* [Your goal]
Give the data below again exactly, and drop each picture from it.

* [Data segment]
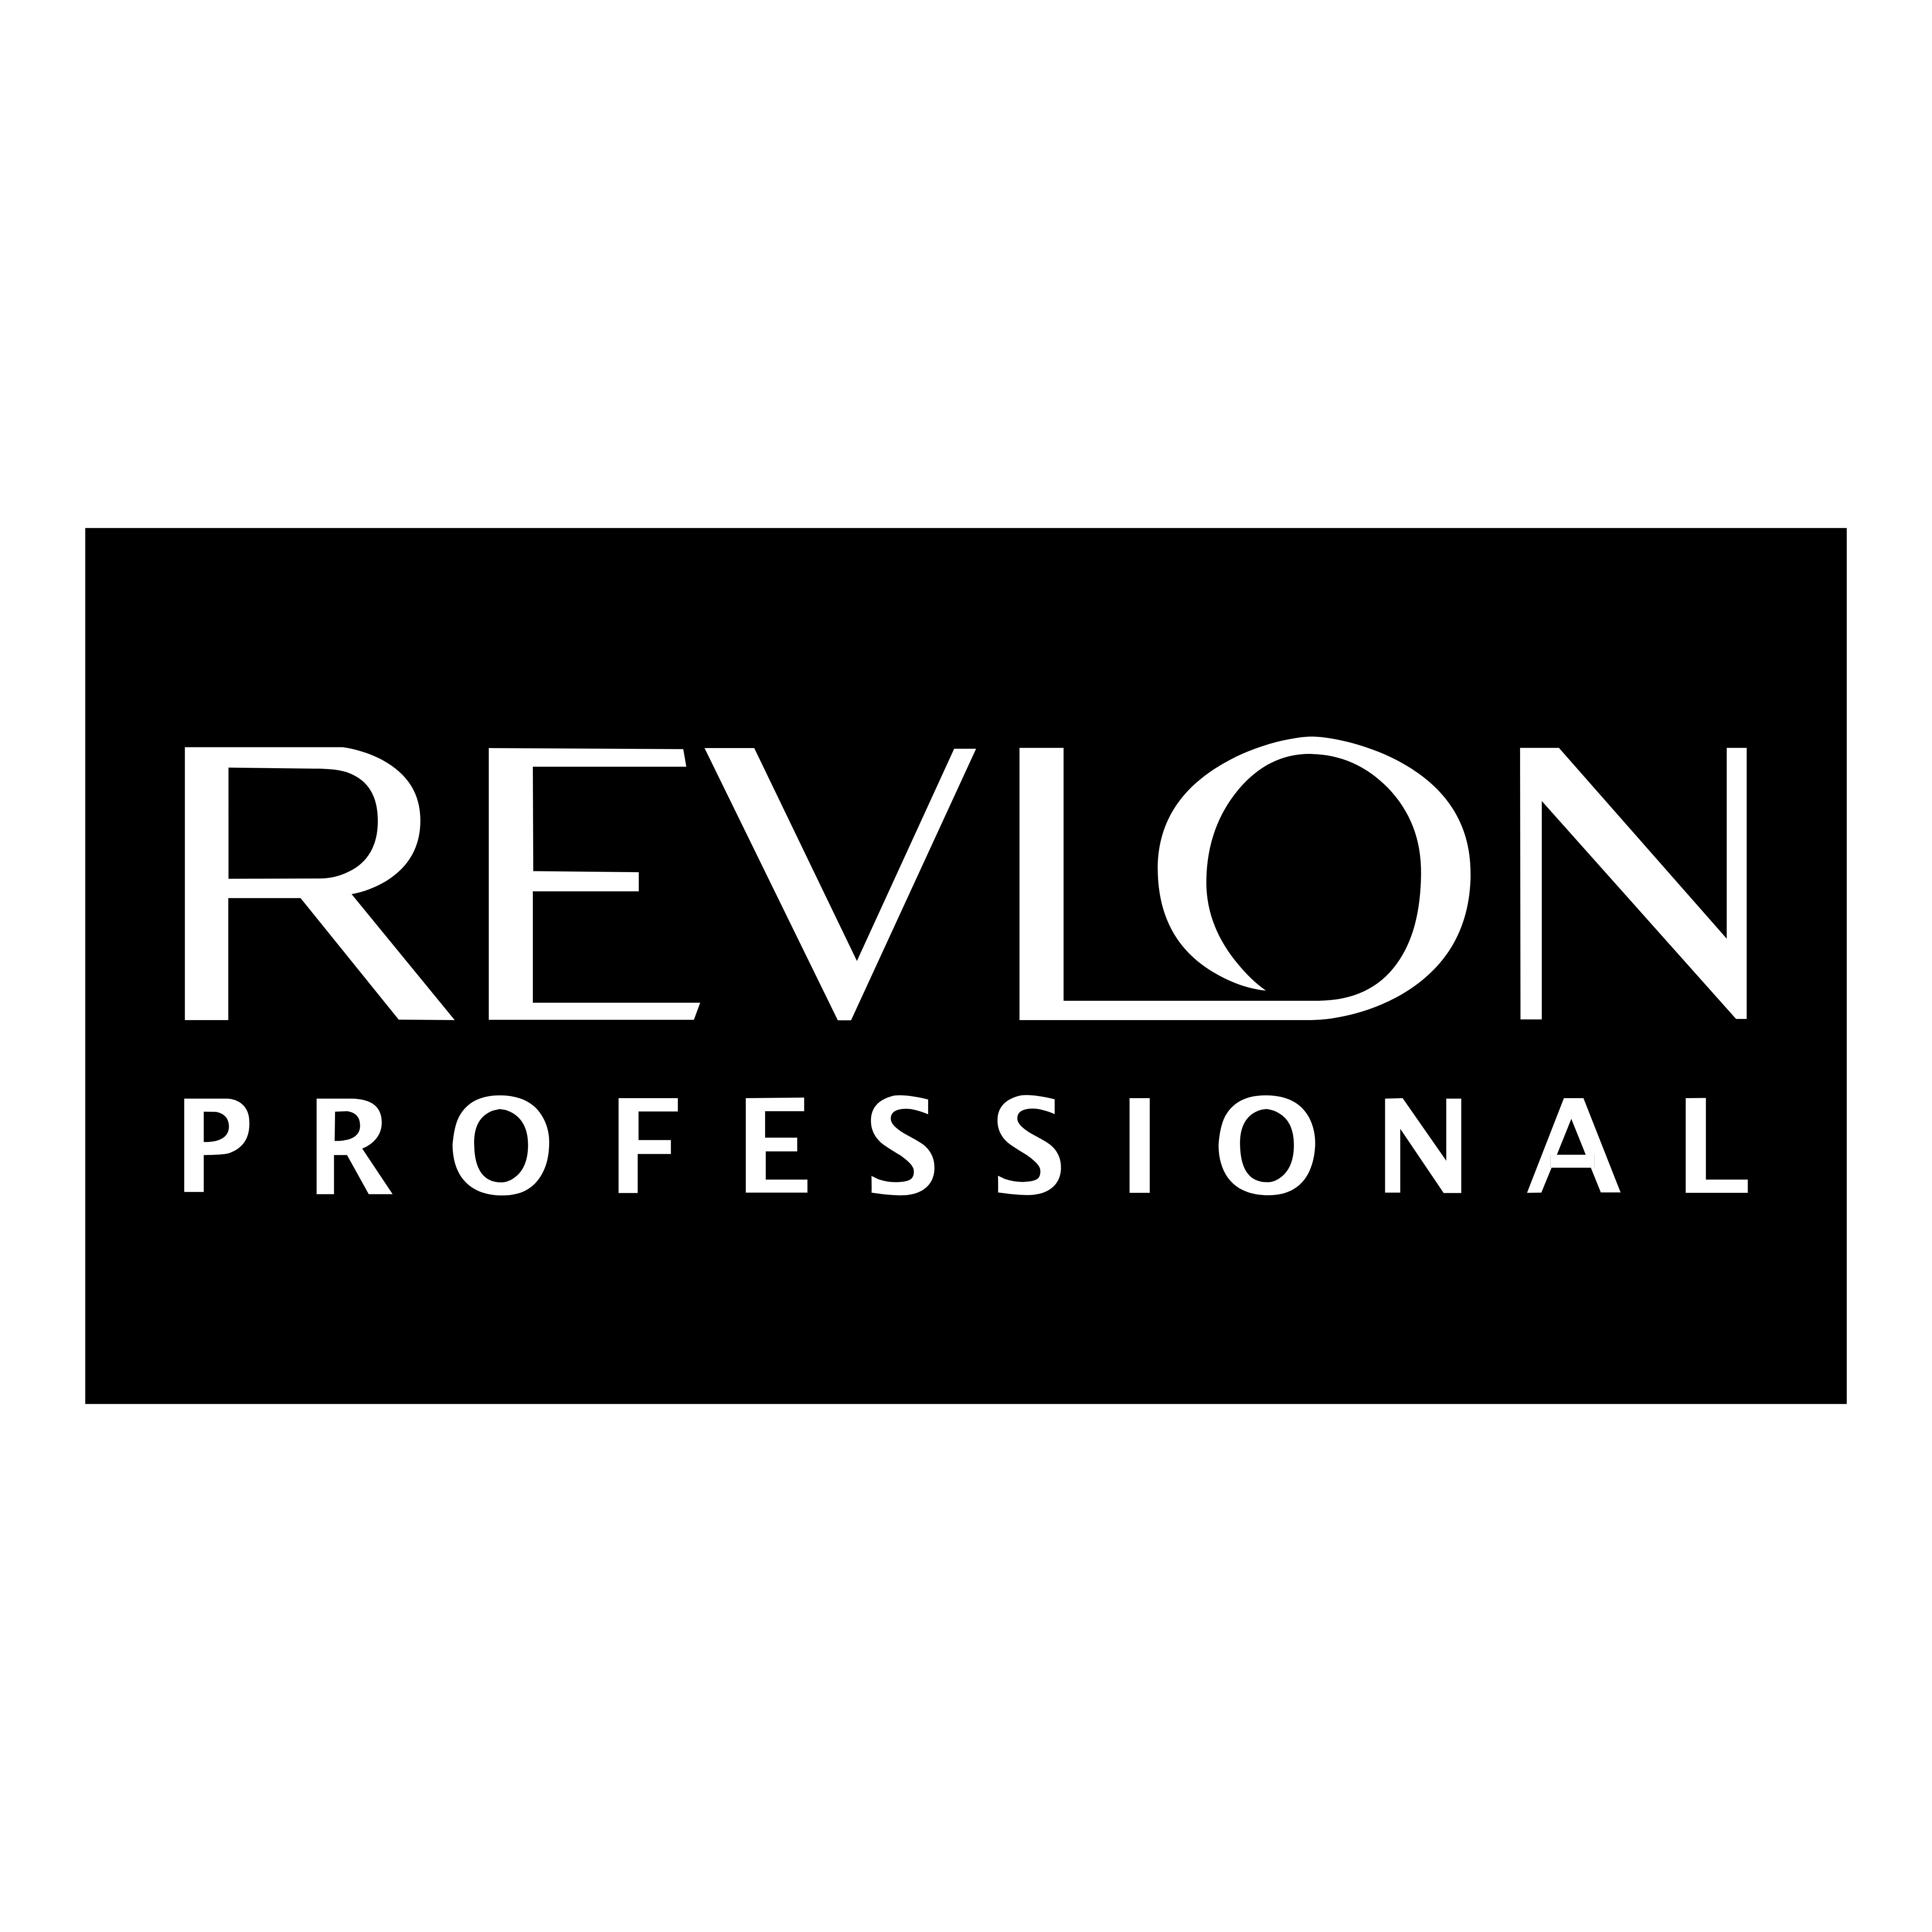 Revlon – Logos Download - Revlon Logo PNG
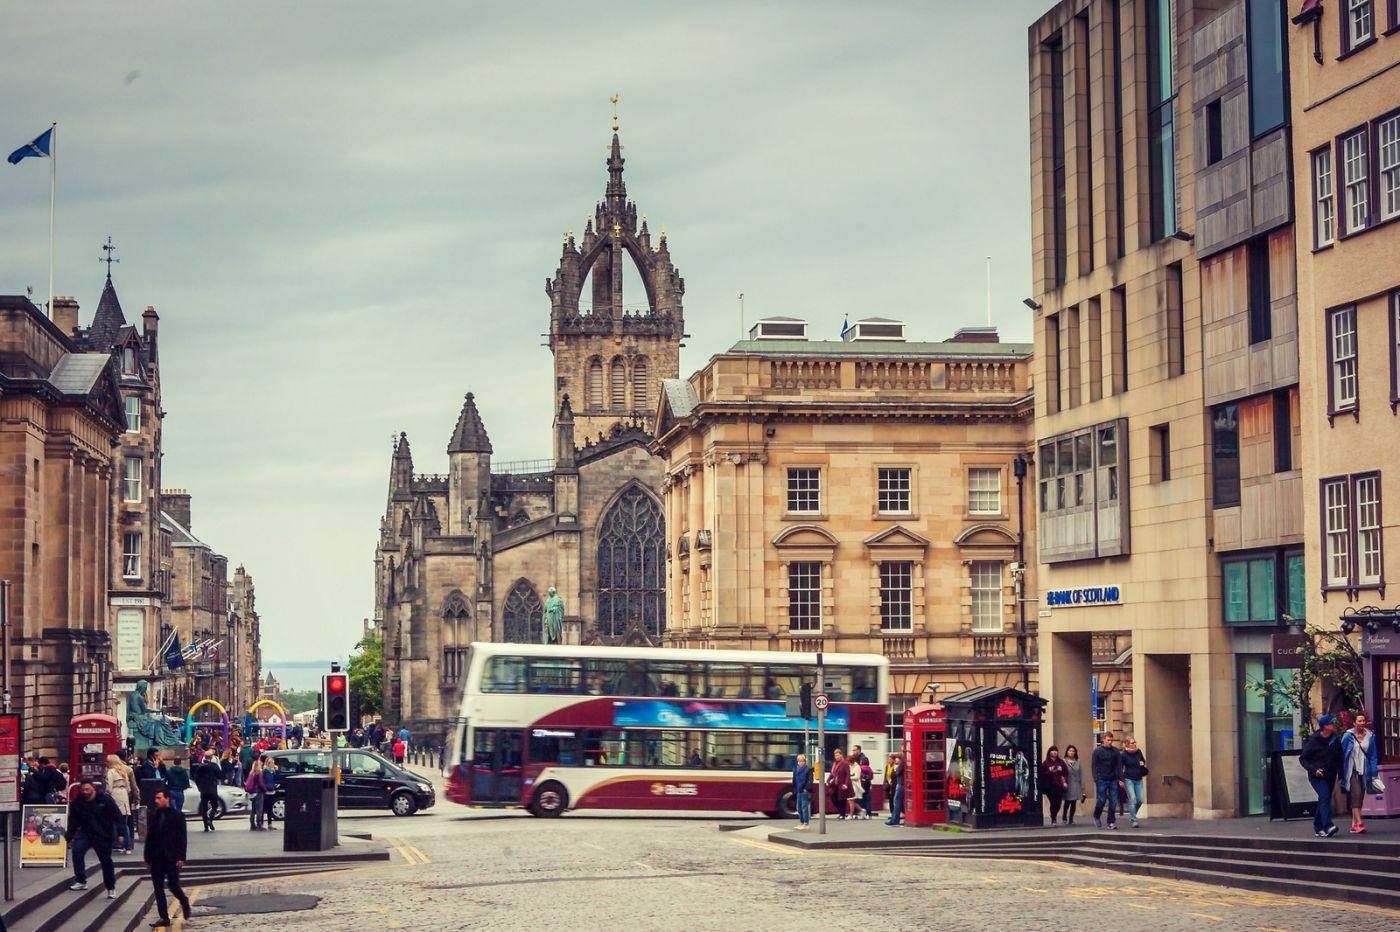 苏格兰爱丁堡,老城市老文化_图1-3
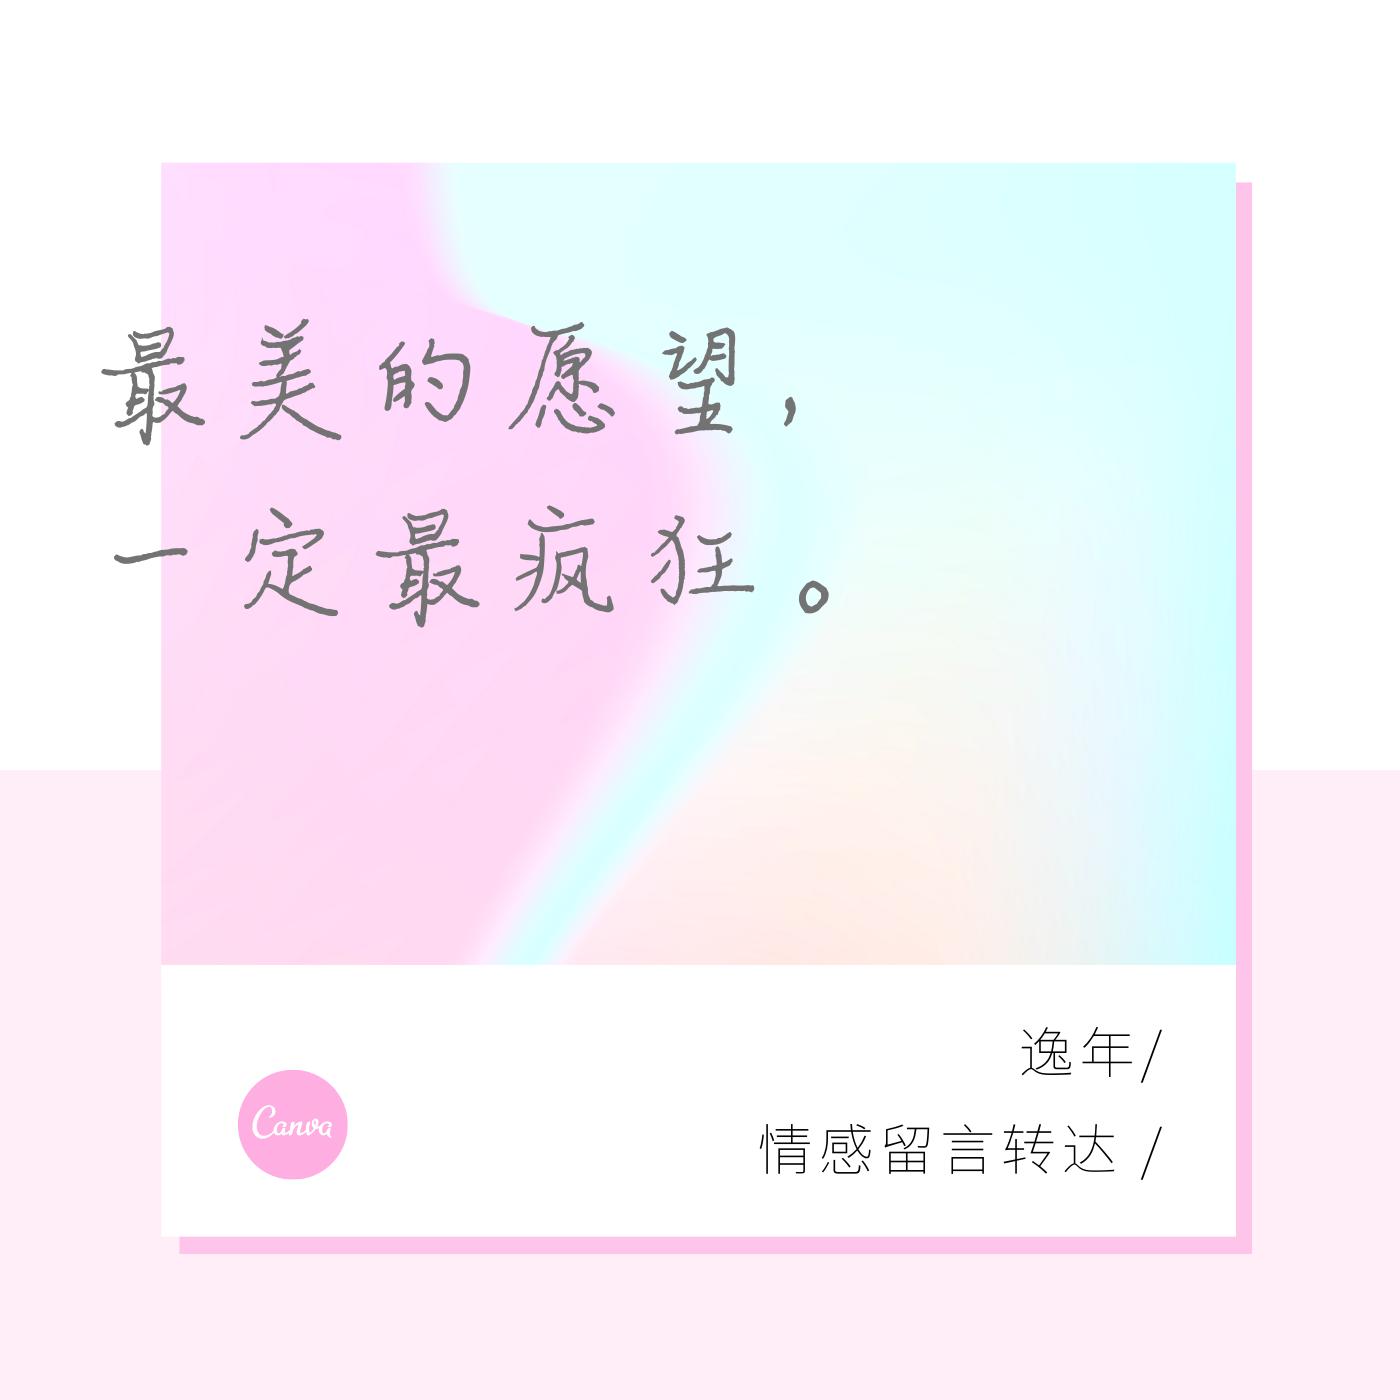 逸年_情感留言转达

* [Task output]
 Revlon – Logos Download - Revlon Logo PNG
 苏格兰爱丁堡,老城市老文化_图1-3
 逸年_情感留言转达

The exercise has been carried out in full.